GOAL OF THE EXERCISE » All the data that follows should be repeated exactly, without a single picture.

[[ DATASET CONTENT open ]]

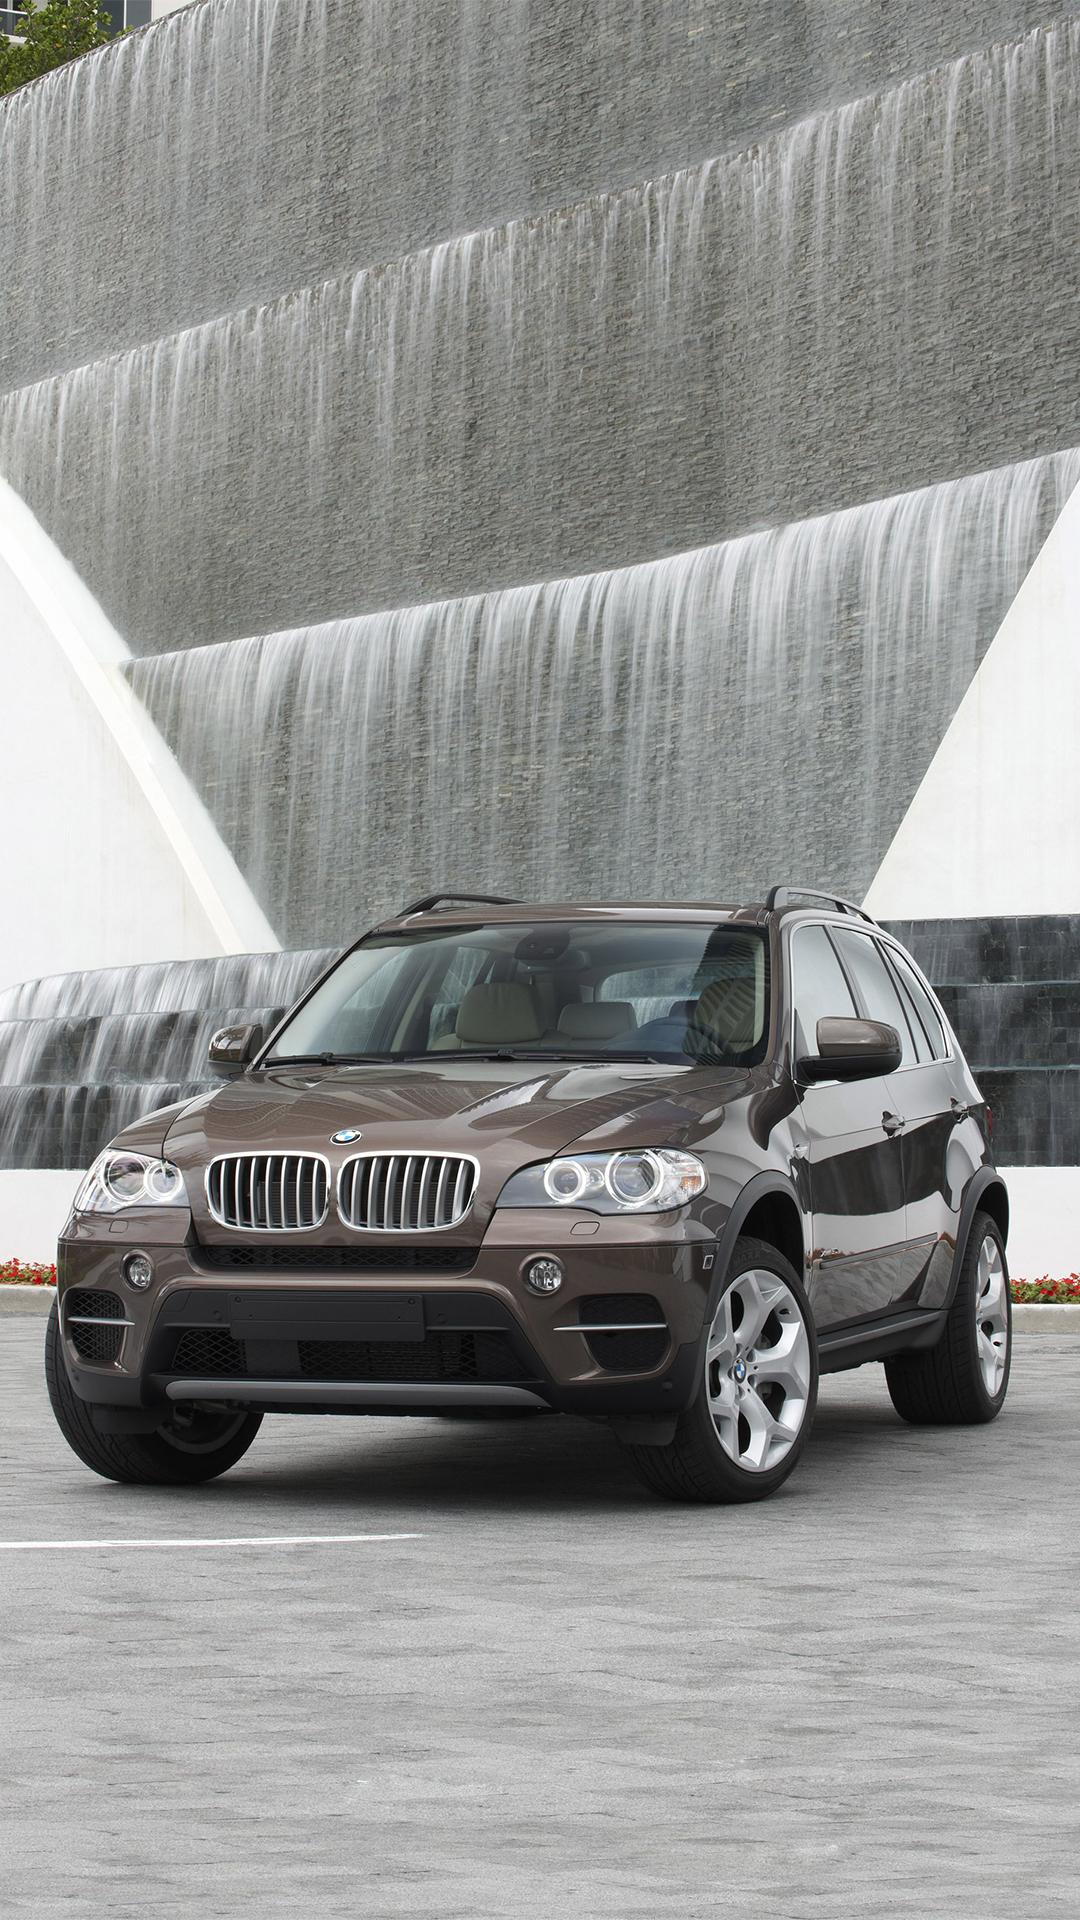 2011 BMW X5 htc one wallpaper
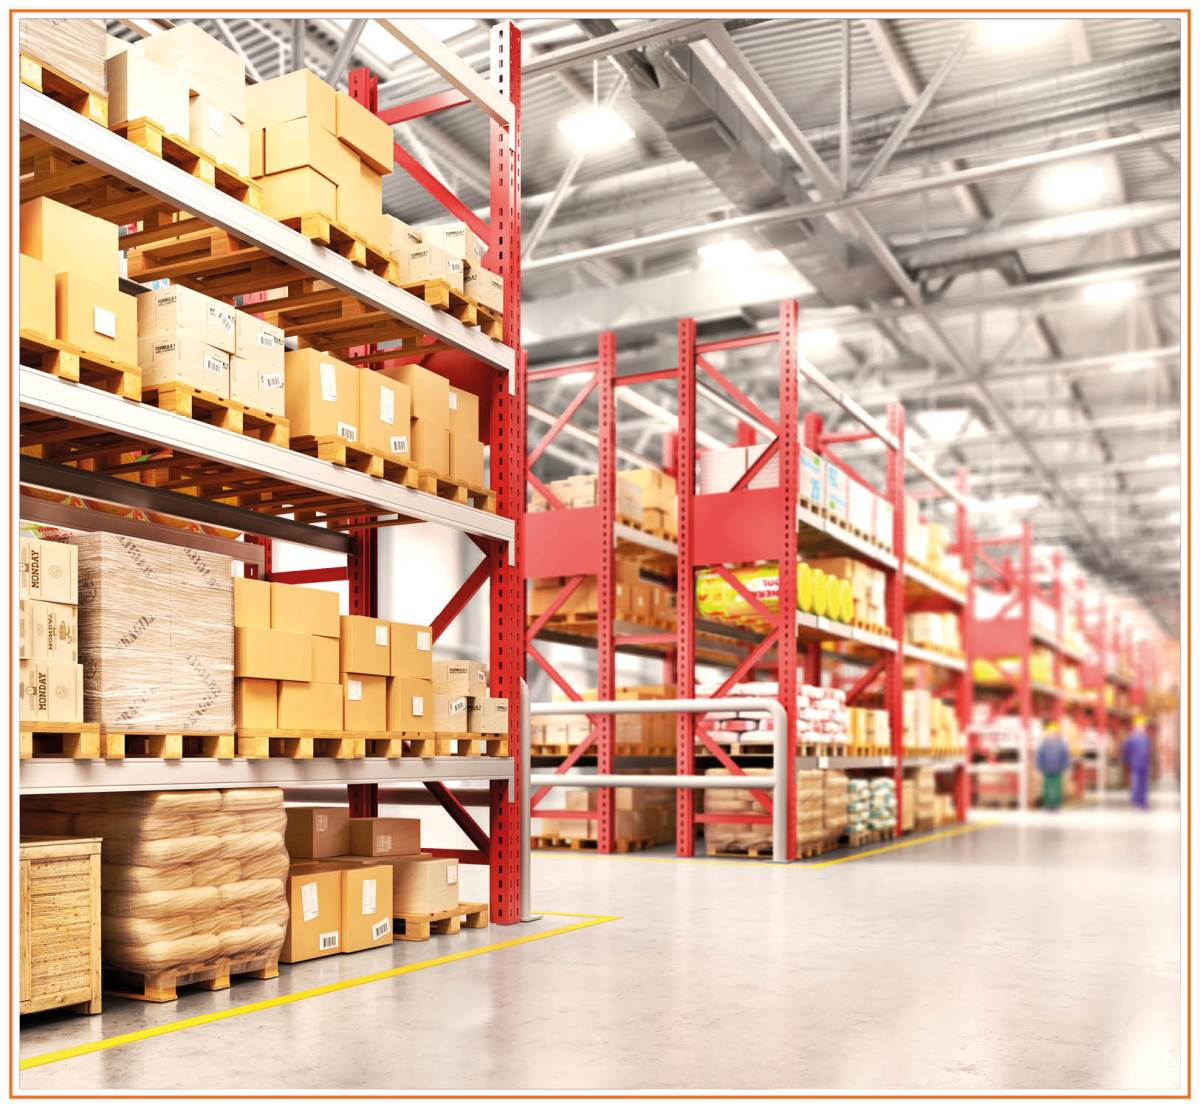 https://i1.wp.com/haultech.co.uk/wp-content/uploads/2020/04/HaulTech-Warehouse-Management-System-Helping-Hauliers-Demand.jpg?fit=1200%2C1108&ssl=1
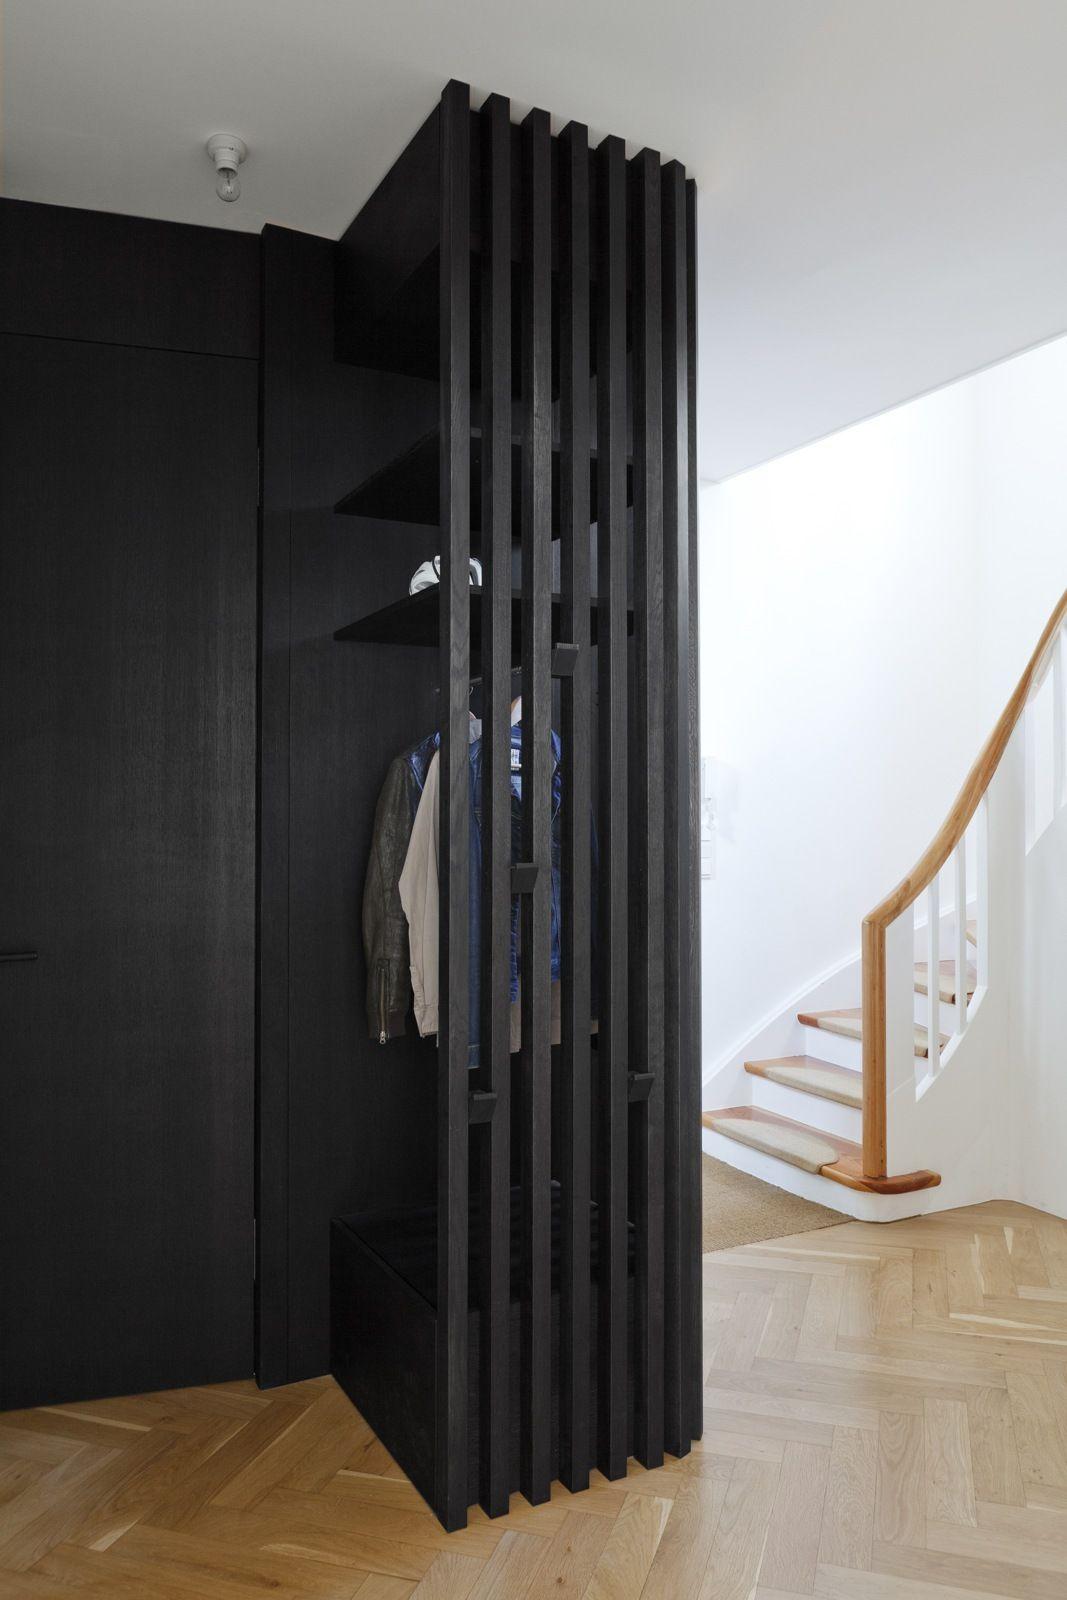 Garderoben Garderoben Garderoben In 2020 Garderobe Modern

[[ DATASET CONTENT closed ]]

SOLVED EXERCISE »
 2011 BMW X5 htc one wallpaper
 https://i1.wp.com/haultech.co.uk/wp-content/uploads/2020/04/HaulTech-Warehouse-Management-System-Helping-Hauliers-Demand.jpg?fit=1200%2C1108&ssl=1
 Garderoben Garderoben Garderoben In 2020 Garderobe Modern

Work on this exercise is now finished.